L’UNESCO déclare que l’accès universel à une éducation de qualité est la clé pour construire la paix, assurer durablement le développement social et économique, et favoriser le dialogue interculturel. L’agence des Nations Unies pour l’éducation, la science et la culture promeut les logiciels libres et en source ouverte (voir les définitions en éditorial) comme une étape naturelle pour éradiquer la pauvreté et construire une société inclusive (objectifs 2030).

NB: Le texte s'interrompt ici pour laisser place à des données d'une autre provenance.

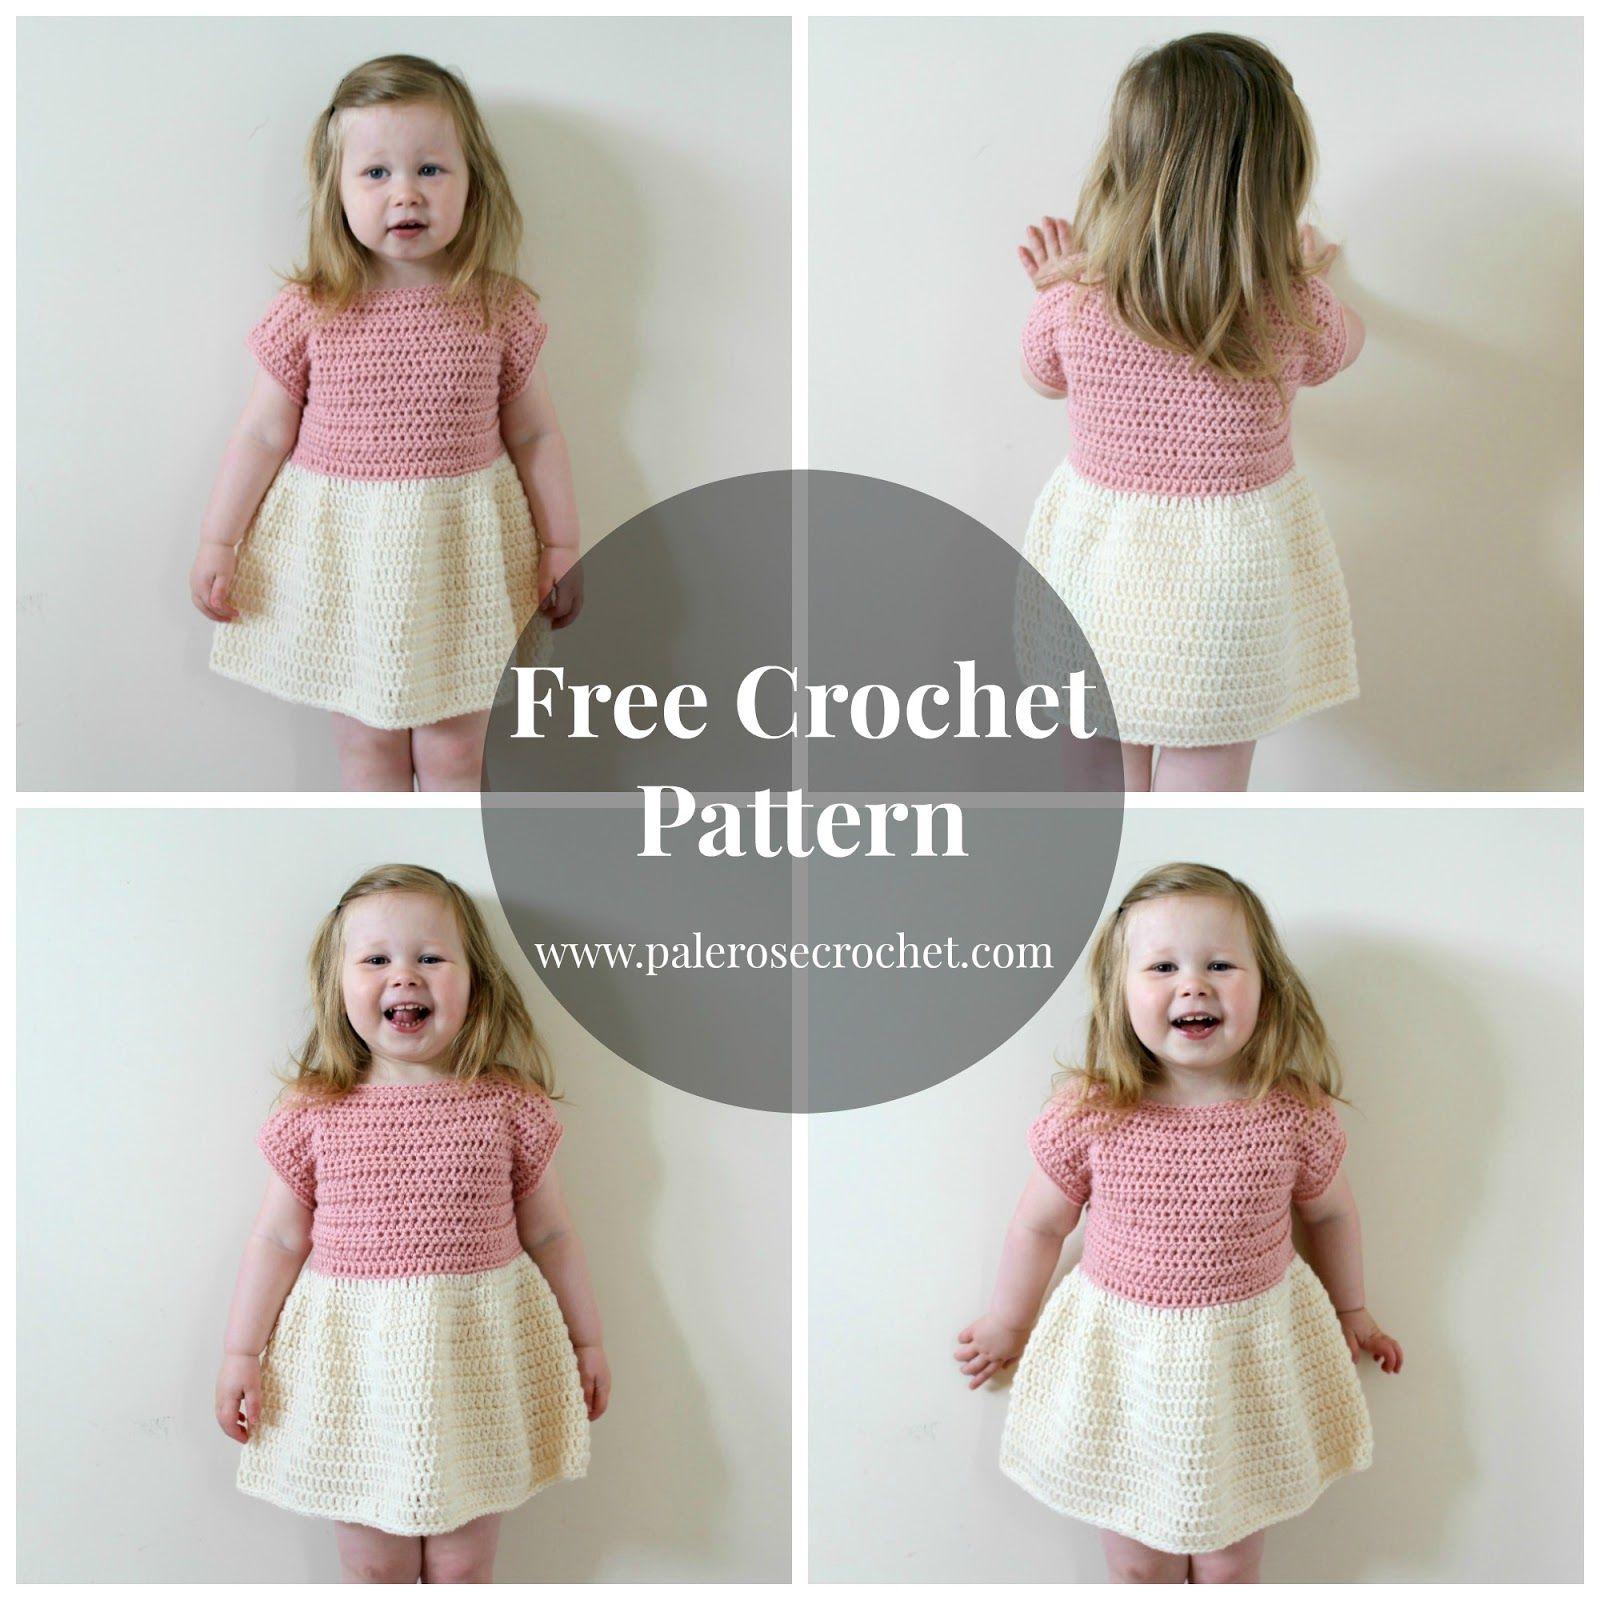 Pale Rose Crochet: Toddler Party Dress Crochet Pattern | Crochet ...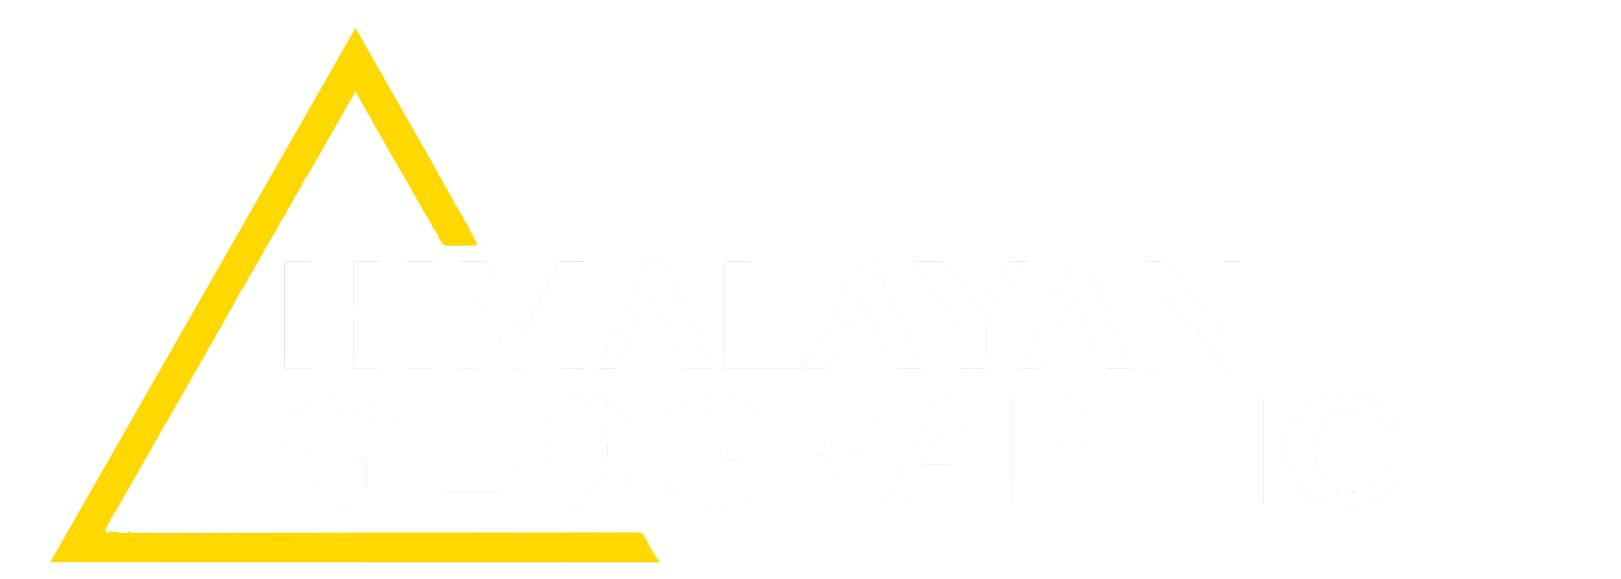 Himalayan Geographic

Les institutions d'enseignement supérieur utilisent cependant majoritairement des logiciels propriétaires, qui ne favorisent pas l’appropriation des technologies par la communauté, et qui ne garantissent pas le respect de la vie privée. Rappelons à ce point ces mots d’Edward Snowden1 :

  • « Dire que vous ne vous souciez pas du droit à la vie privée parce que vous n’avez rien à cacher n’est pas différent de dire que vous ne vous souciez pas de la liberté d’expression parce que vous n’avez rien à dire. C’est un principe profondément antisocial, car les droits ne sont pas seulement individuels, ils sont collectifs, et ce qui n’a peut-être pas de valeur pour vous aujourd’hui peut être valable pour toute une population, tout un peuple, tout le mode de vie de demain. Et si vous ne le défendez pas, alors qui le fera? »

Sans aborder plus avant cet enjeu, rappelons que l’acquisition seule des logiciels propriétaires pour la société québécoise se compte en millions de dollars par an, et ce uniquement pour ce qui est des universités et des cégeps (à lire au présent dossier : Ce que coûtent les logiciels « non libres » et la science « non ouverte ». Comment expliquer cet état de fait, alors même que la Loi sur la gouvernance et la gestion des ressources informationnelles des organismes publics et des entreprises du gouvernement du Québec édicte depuis 2011 que le Conseil du trésor doit « prendre les mesures requises pour que les organismes publics considèrent l’ensemble des technologies offrant un potentiel d’économies ou de bénéfices et des modèles de développement ou d’acquisition disponibles pour répondre à leurs besoins, dont les logiciels libres » (article 10.1.8), sachant que les organismes publics incluent « les collèges d’enseignement général et professionnel et les établissements d’enseignement de niveau universitaire » (article 2.4.1)? Le Conseil du trésor a aussi édité un guide de référence, un guide d'analyse de maturité [pdf], un guide d'analyse du coût total de propriété [pdf], et même une Licence Libre du Québec.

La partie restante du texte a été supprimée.